Vulcan Energy Aktie: 1,77 Euro Jahrestief in Reichweite
Vulcan Energy notiert nahe dem Jahrestief, obwohl der Lithium-Entwickler in einem Spezialfonds vertreten ist. Technische Indikatoren zeigen eine schwache Kursdynamik.

- Lithium-Spezialfonds hält Vulcan-Anteile
- Aktie fällt auf 1,86 Euro zurück
- Kurs unter allen gleitenden Durchschnitten
- Jahrestief nur fünf Prozent entfernt
Vulcan Energy Resources taucht in einem Lithium-Spezialfonds auf — als Portfolioposition mit knapp 3,6 Prozent Gewicht. Das klingt nach einem Vertrauenssignal. Der Aktienkurs erzählt eine andere Geschichte.
Institutionelle Präsenz, schwacher Kurs
Sprott’s Lithium Miners ETF führte Vulcan Energy per 26. Juni mit einem Anteil von 3,56 Prozent. Der Fonds hielt gut 766.000 Aktien mit einem Marktwert von rund 1,58 Millionen Dollar. Insgesamt umfasst das Portfolio 38 Positionen — größere Gewichte liegen bei etablierten Produzenten wie Albemarle, Ganfeng Lithium und SQM.
Die Aufnahme in einen Fachfonds schützt nicht vor Kursdruck. Vulcan schloss den Freitag bei 1,86 Euro — ein Minus von 3,38 Prozent auf Tagesbasis. In der Wochenbilanz summiert sich das auf ein Minus von gut zehn Prozent.
Technisches Bild: Alle Durchschnitte verloren
Der Kurs liegt unter dem 50-Tage-Durchschnitt von 2,16 Euro, unter dem 100-Tage-Schnitt von 2,23 Euro und weit unter dem 200-Tage-Durchschnitt von 2,60 Euro. Das Jahrestief vom 23. März bei 1,77 Euro ist nur noch knapp fünf Prozent entfernt.
Kein Wunder, dass der RSI mit 34,8 schwache Dynamik anzeigt. Technisch überkauft ist die Aktie damit nicht — aber der Abstand zur Erholungszone ist gering. Die annualisierte 30-Tage-Volatilität von fast 57 Prozent zeigt: Ausschläge nach unten bleiben möglich.

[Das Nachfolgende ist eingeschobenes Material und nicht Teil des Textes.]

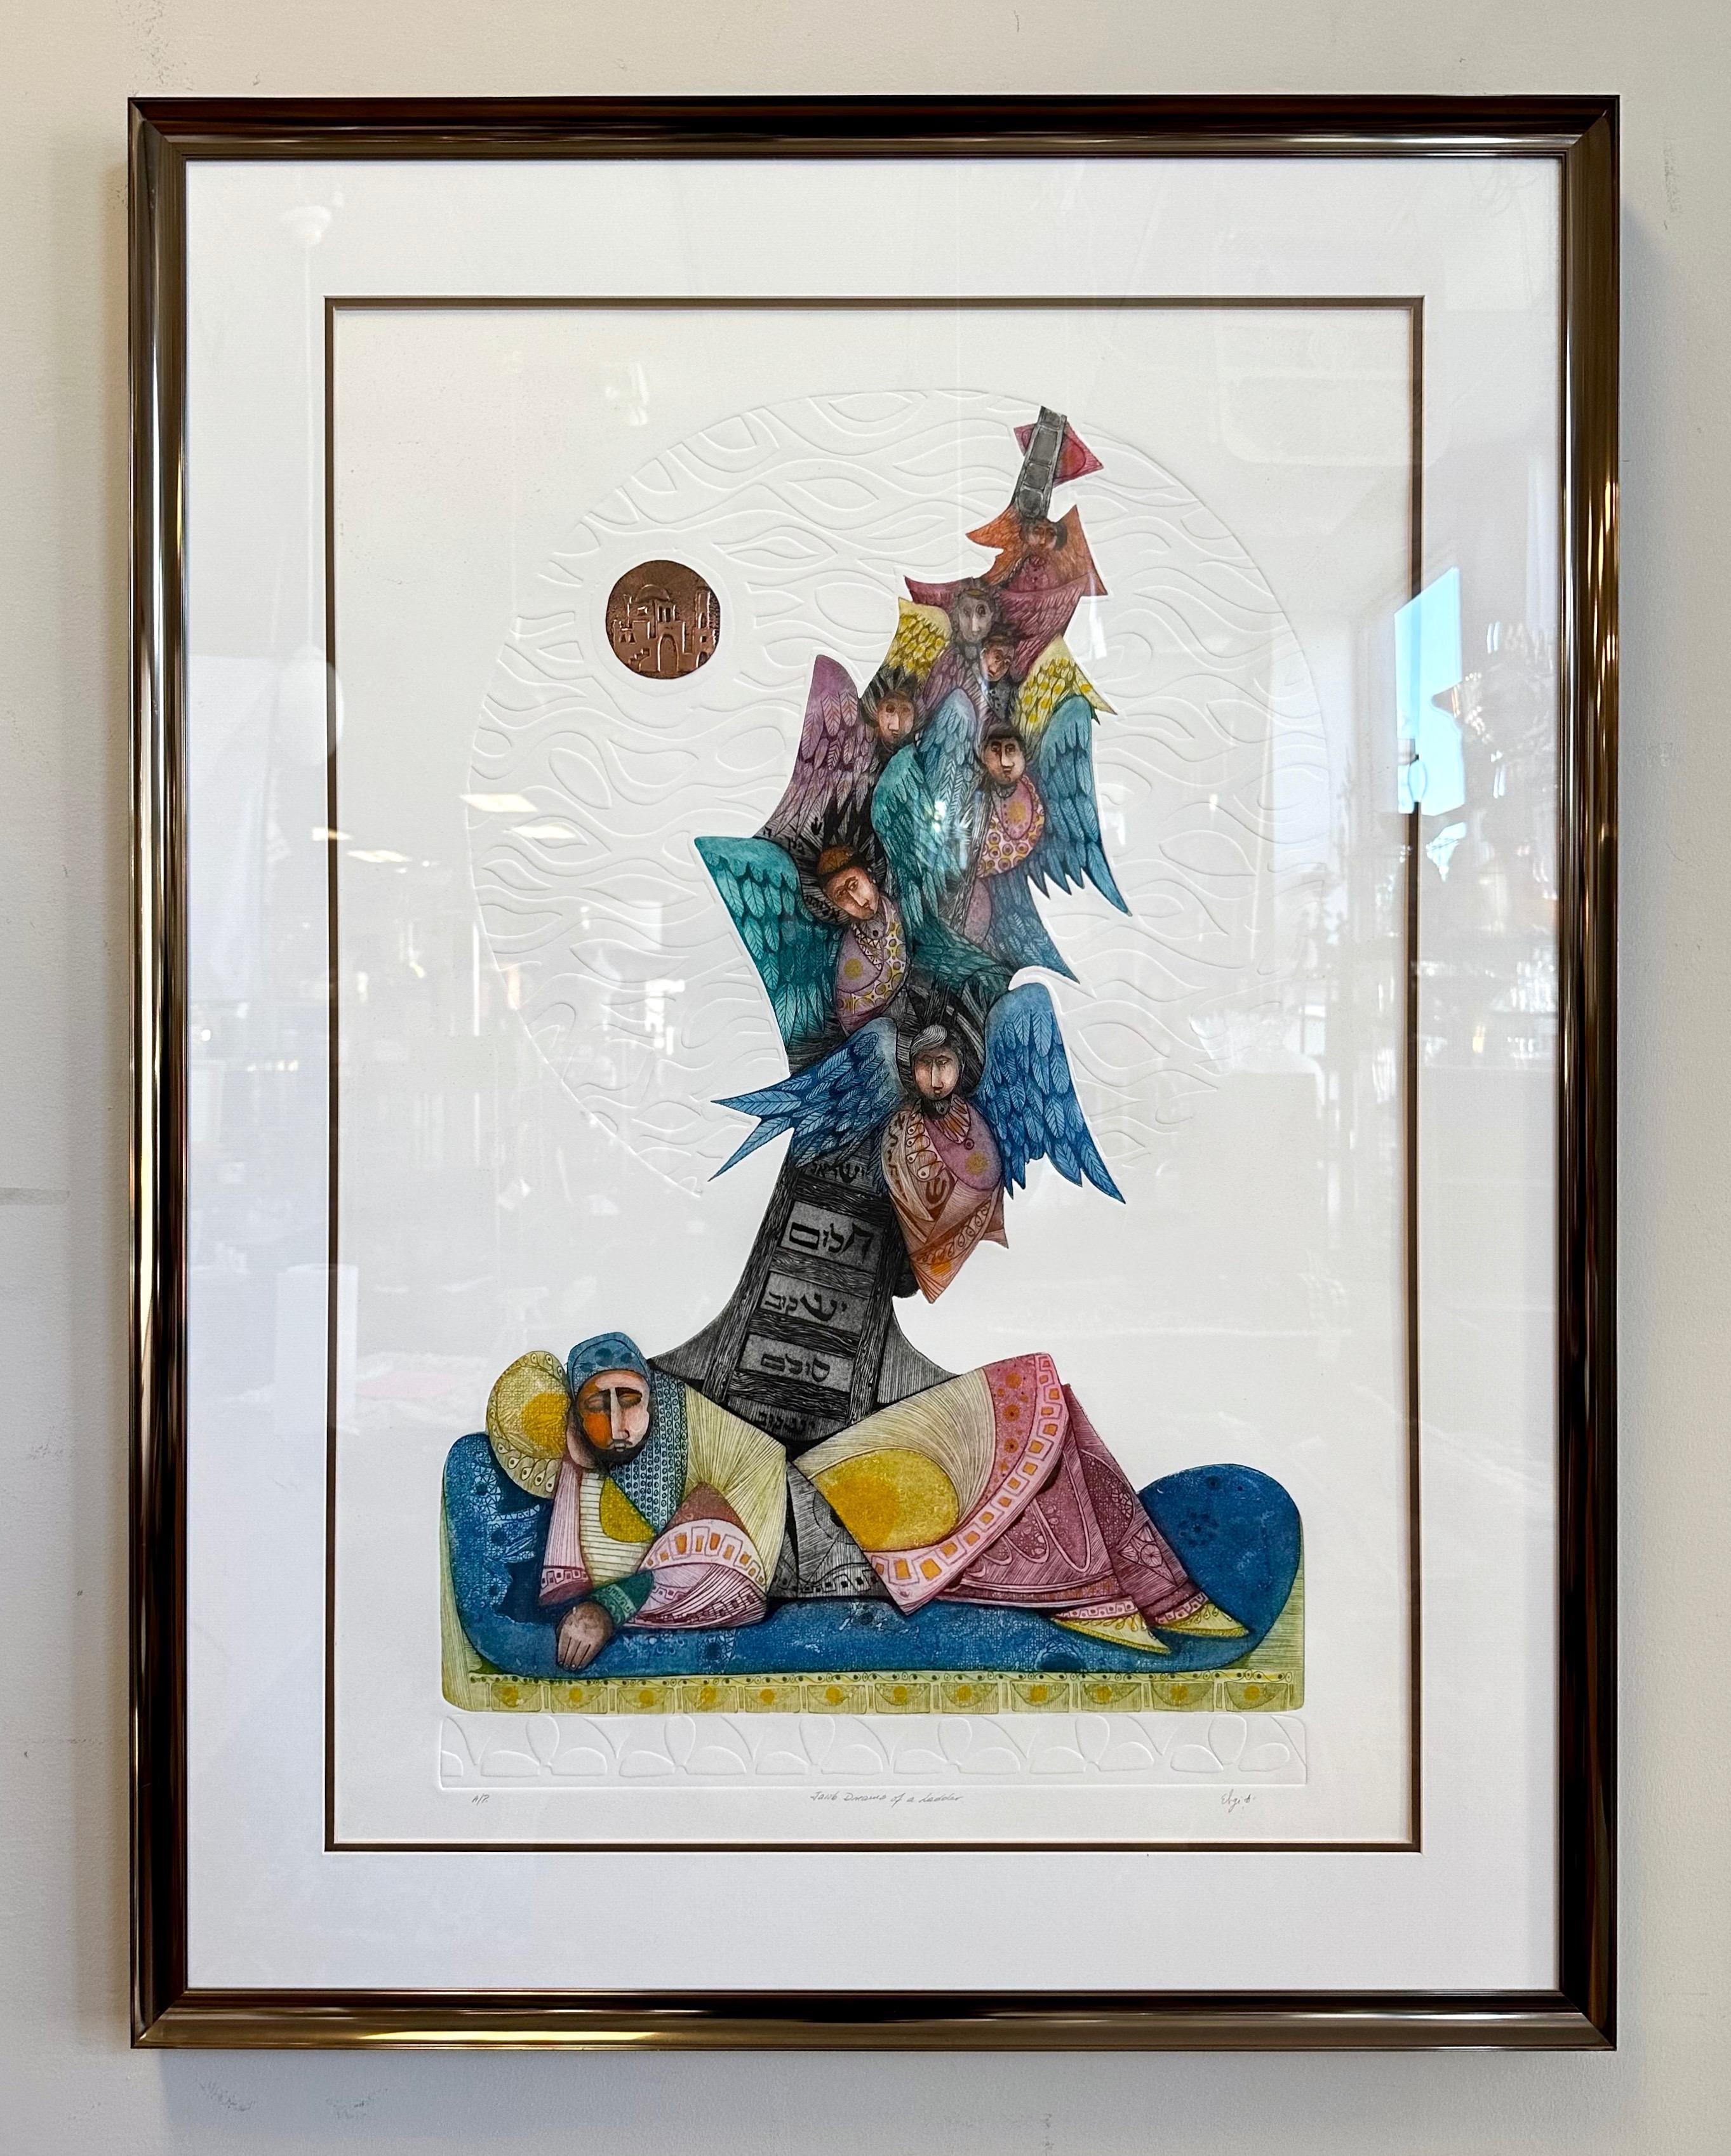 A large, colorful, and exceptionally well executed Judaica-themed intaglio print on embossed paper with embossed copper foil inset titled “Jacob Dreams of a Ladder” by noted Morocco-born Jewish American artist Amram Ebgi (b. 1939).

Signed and

Seit Jahresbeginn verlor die Aktie knapp 29 Prozent. Vom 52-Wochen-Hoch bei 3,98 Euro, erreicht im Oktober 2025, trennen den aktuellen Kurs mehr als 53 Prozent.
Breiter Markt ohne Rückenwind für Vulcan
Der australische Leitindex S&P/ASX 200 legte am Freitag leicht zu. Der Materialsektor gewann 0,81 Prozent. Vulcan profitierte davon nicht. Der Wochenverlust der Aktie übertraf den des Gesamtmarkts deutlich.
Der nächste Termin mit Substanz ist der Quartalsbericht für Juni — veröffentlicht am 30. Juli 2026. Bis dahin fehlt ein konkreter Kurstreiber. Hält die Aktie das Niveau von 1,77 Euro nicht, wäre das ein neues Einjahrestief — und ein weiteres Signal, dass die Lithium-Entwicklungsphase die Geduld der Märkte strapaziert.